# Sum over Rational numbers m/n

1. Mar 30, 2012

### zetafunction

it is possible to evaluate sums over the set of Rational

so $$\sum_{q} f(q)$$ with $$q= \frac{m}{n}$$ and m and n are POSITIVE integers different from 0 ??

in any case for a suitable function is possible to evaluate

$$\sum_{q} f(qx)$$ with f(0)=0 ??

2. Mar 30, 2012

### A. Bahat

I would think so, as the rationals are countable.

3. Mar 31, 2012

### HallsofIvy

Staff Emeritus
However, in some cases the sum will depend on the ordering of the rational numbers given by the one-to-one correspondence with the positive integers.

4. Mar 31, 2012

### zetafunction

um.. if i use the fundamental theorem of the arithmetic to express m and n as a product of primes could i write or consider at least series over prime or prime powers ? i mean

$$\sum_{m=-\infty}^{\infty}\sum_{p}f(p^{m})$$

in both case this sum is over prime and prime powers is this more or less correct ??

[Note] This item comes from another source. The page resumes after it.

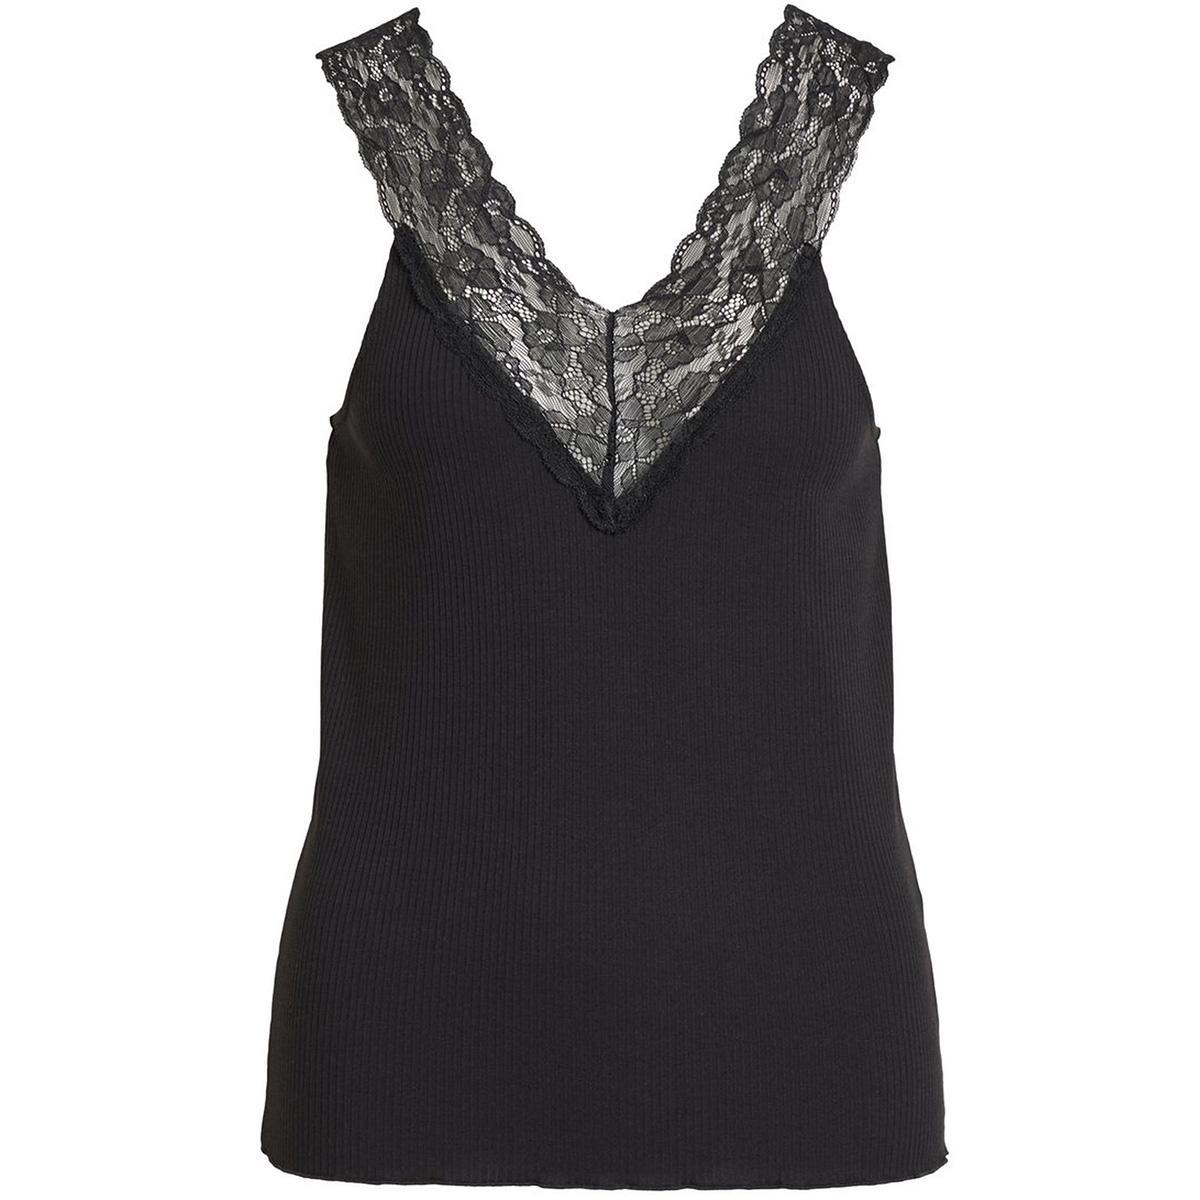 visofi v-neck s/l top 14053965 vila top black/w. black

using suitable products of primes we can reproduce every positive rational can't we ?

so we can study 'invariant-under-dilation' formulae as follows

$$\sum_{m=-\infty}^{\infty}\sum_{p}f(xp^{m})$$

5. Mar 31, 2012

### A. Bahat

HallsofIvy is correct: all rearrangements of a series converge to the same value if and only if the series is absolutely convergent. So that can affect the sum.